Cox proportional hazards models of colorectal cancer with age as the time metric were used to calculate hazard ratios (HRs) and 95% confidence intervals (CIs) for men and women separately. Follow-up began at the date of cohort entry and ended at the earliest date of diagnosis, death, or study closure (December 31, 2017). A separate model was fit for each of three diet indices. The total scores for each index were divided into quintiles based on their distributions across the entire cohort. All models were adjusted for race and ethnicity as a strata variable and age at cohort entry (years), family history of colorectal cancer (yes/no), history of colorectal polyp (yes/no), BMI (< 25, 25– < 30, and ≥ 30 kg/m2), pack-years of cigarette smoking (continuous), multivitamin use (yes/no), NSAID use (yes/no), physical activity (hours spent in moderate and vigorous work or sports per day ), menopausal hormone therapy use (never, past, current) for women only, alcohol consumption (g/day), and total energy intake (log transformed kcal/day) as covariates. We also considered other factors such as height and education levels as covariates but did not include them in the final models because adjustment for these variables did not change the associations between plant-based dietary patterns and colorectal cancer risk. The potential confounders were selected because they were associated with colorectal cancer risk in our cohort or because they were established risk factors for colorectal cancer in the literature. Linear trends were tested by modeling sex-, race- and ethnicity-specific median scores within each quintile as a continuous variable. The proportional hazards assumption was tested by the Schoenfeld residual method [21] and found to be met.

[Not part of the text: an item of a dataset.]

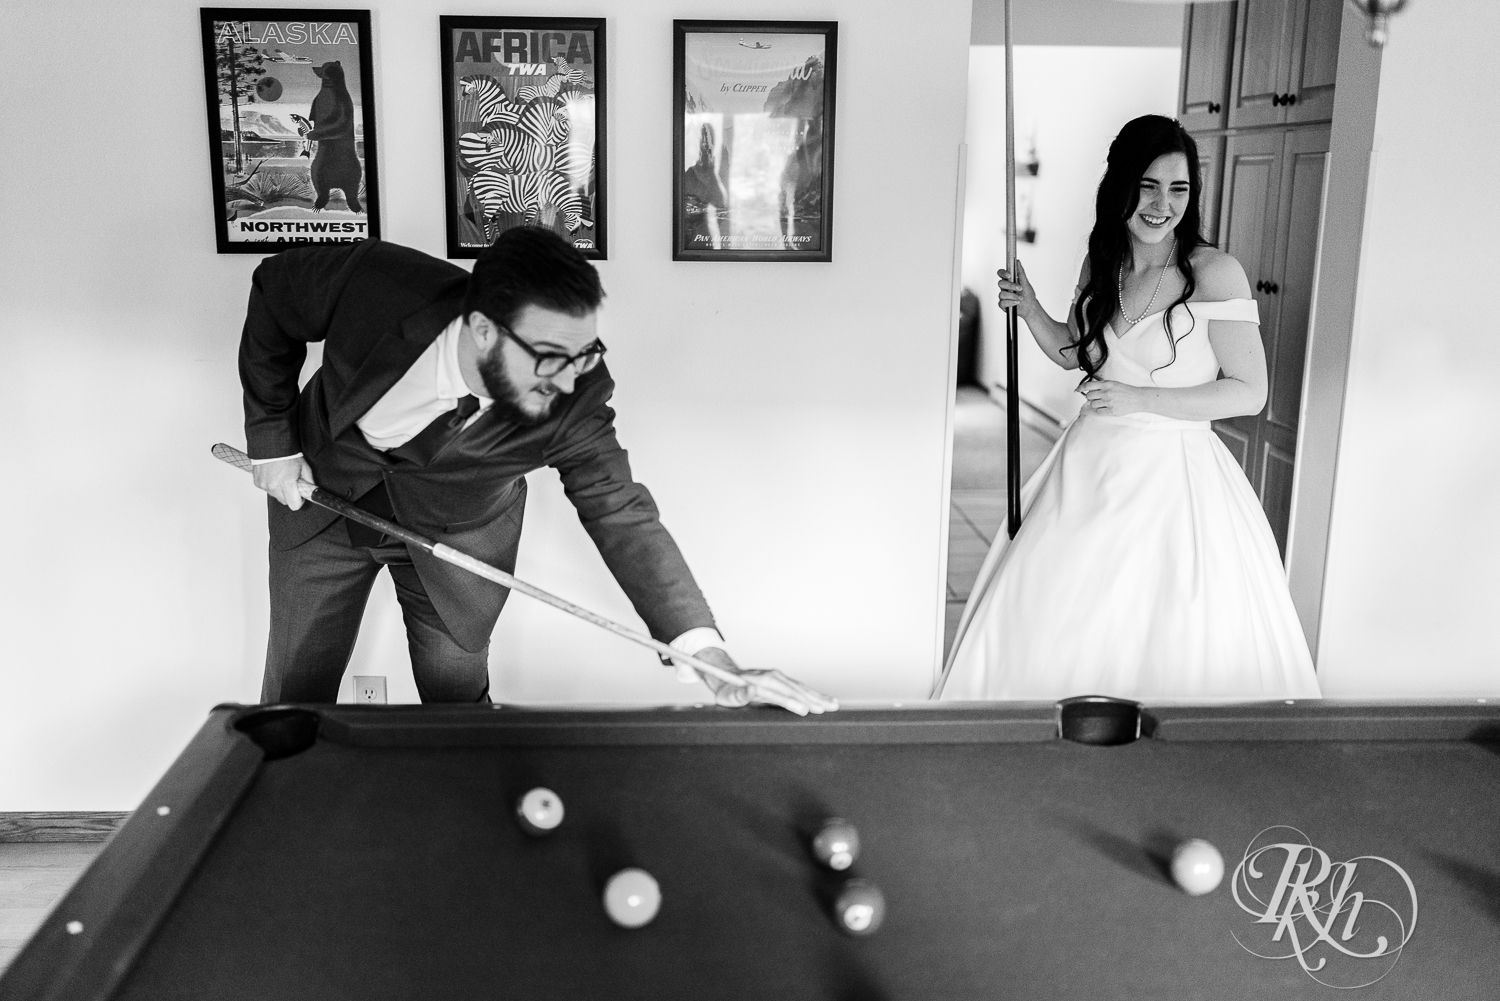 Bride and groom play pool at their house wedding in Sartell, Minnesota.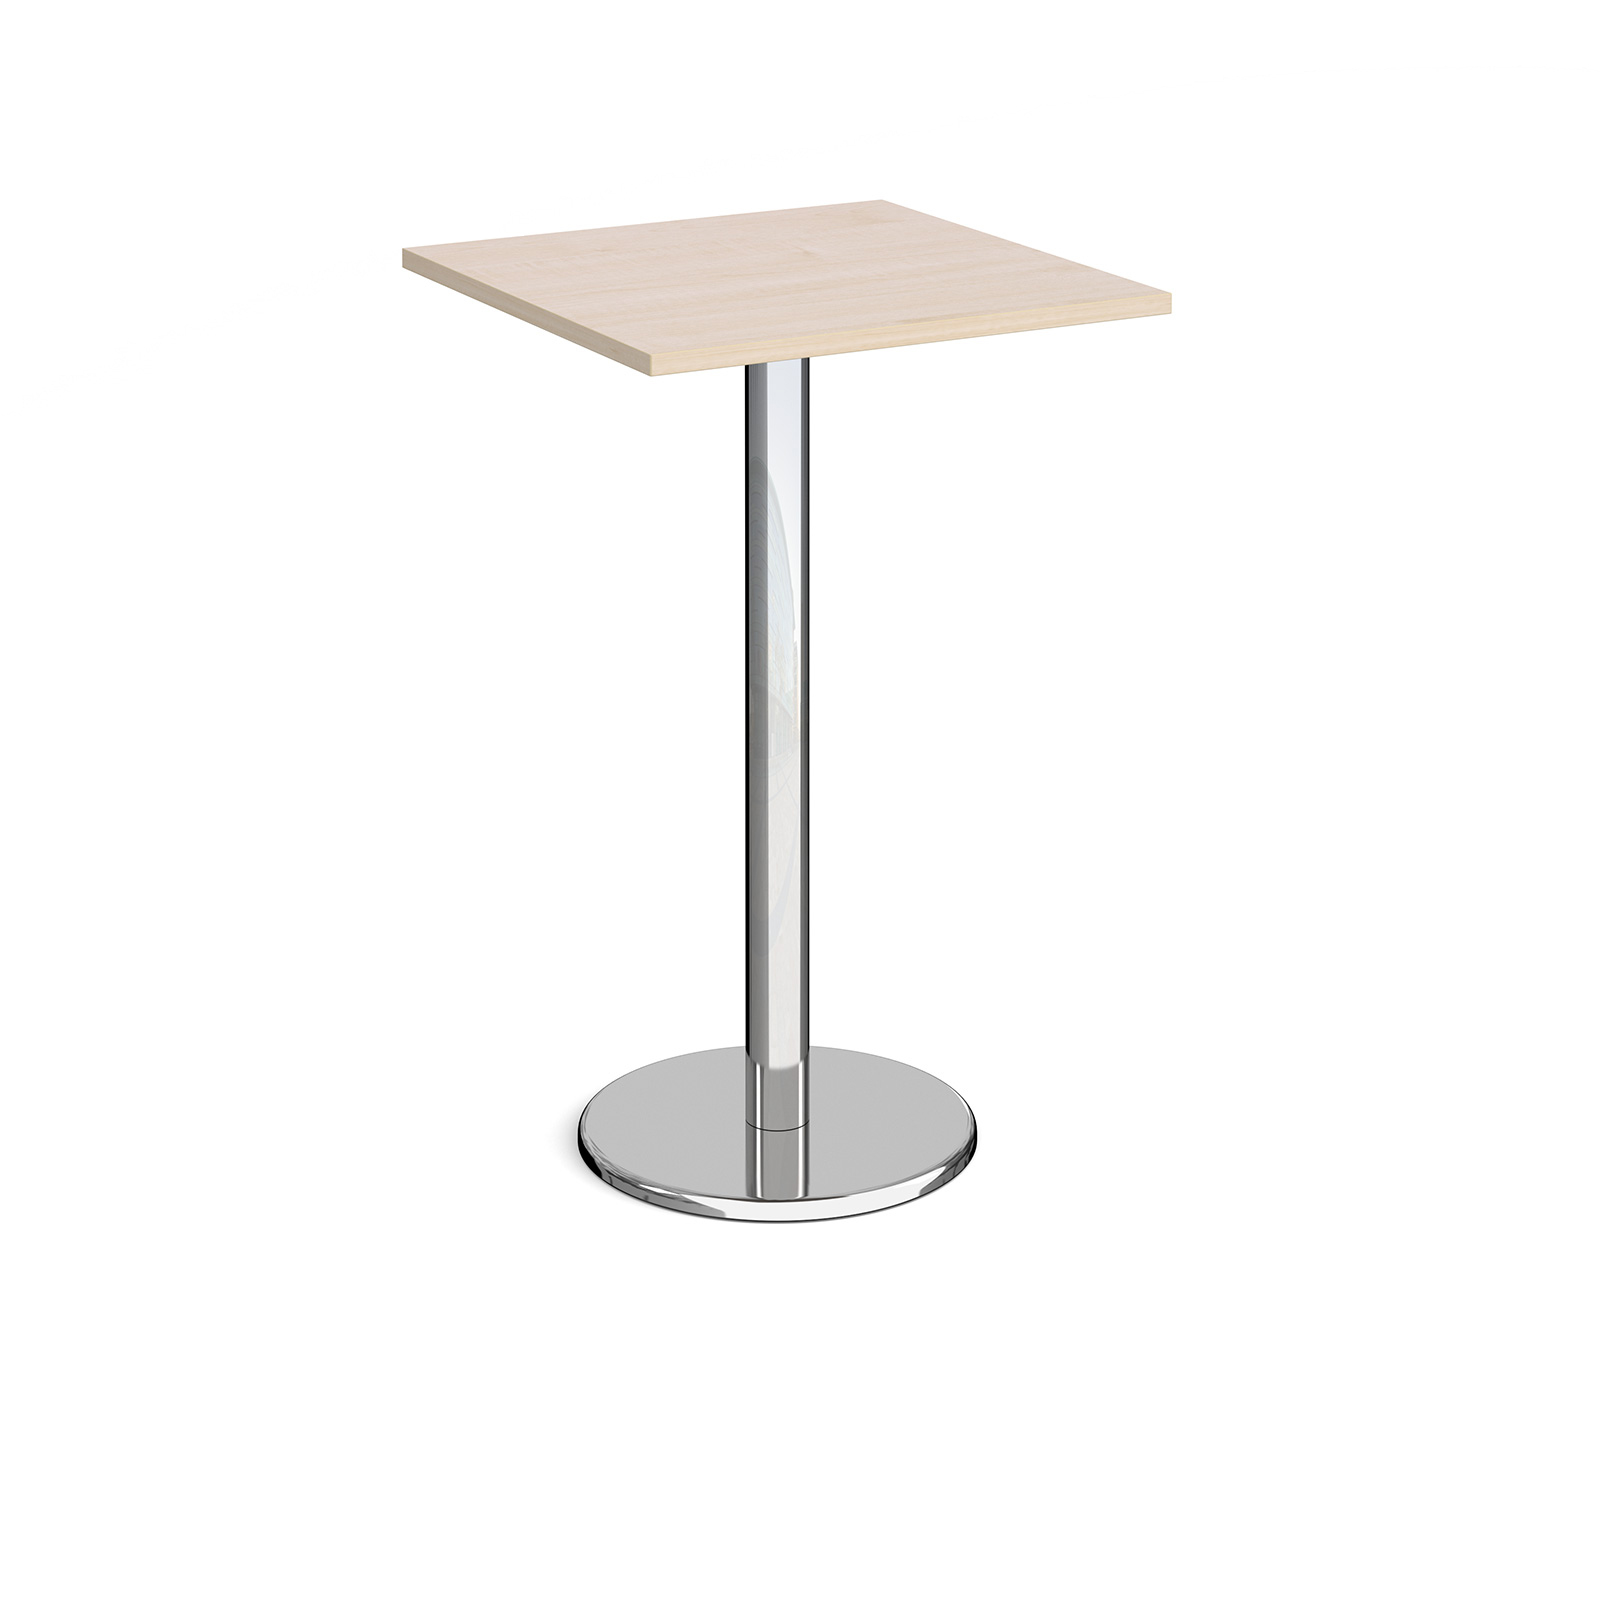 Pisa square poseur table with round chrome base 700mm - maple

Sensitivity analysis was conducted to test the robustness of our findings. We conducted 4-year time-lagged analysis to minimize reverse causation due to existing diseases. To assess the possible impact of residual confounding by the known risk factors of colorectal cancer, we conducted subgroup analyzes by BMI (≥ 25 kg/m2 vs. < 25 kg/m2), smoking status (ever vs. never smokers), and alcohol consumption (≥ 30 g/day vs. < 30 g/day). In addition, we evaluated the associations of the individual plant food groups with colorectal cancer risk and estimated the associations of substituting of whole grains, fruits, vegetables, or legumes for added sugars, which were the major food groups associated with colorectal cancer risk. The substitution analyzes were conducted by including both food groups as continuous variables (divided by SD of each variable) in the multivariable model, which also contained total energy intake and other covariates. The difference in their β coefficients and their variances and covariance were used to estimate the substitution associations [22]. In supplemental analyses, the plant-based diet indices were updated as time-dependent variables using data from a 10-year follow-up survey (2003-2008) that was available for 79,350 (46%) of the 173,427 participants.

Tests for heterogeneity between subgroups were based on the Wald statistics for cross-product terms of trend variables and subgroup indicator variables (sex or race and ethnicity). Tests for heterogeneity by anatomic subsite were based on the Wald statistics comparing competing risk models using an augmented data approach [23, 24]. Spearman’s correlations were examined between the plant-based diet indices A possible nonlinear relationship between the indices and colorectal cancer risk was examined nonparametrically using restricted cubic splines with 4 knots at 5th, 35th, 65th, and 95th percentiles [25]. All statistical tests were two-sided. All analyzes were performed by using SAS statistical software, version 9.4 (SAS Institute, Inc., Cary, NC).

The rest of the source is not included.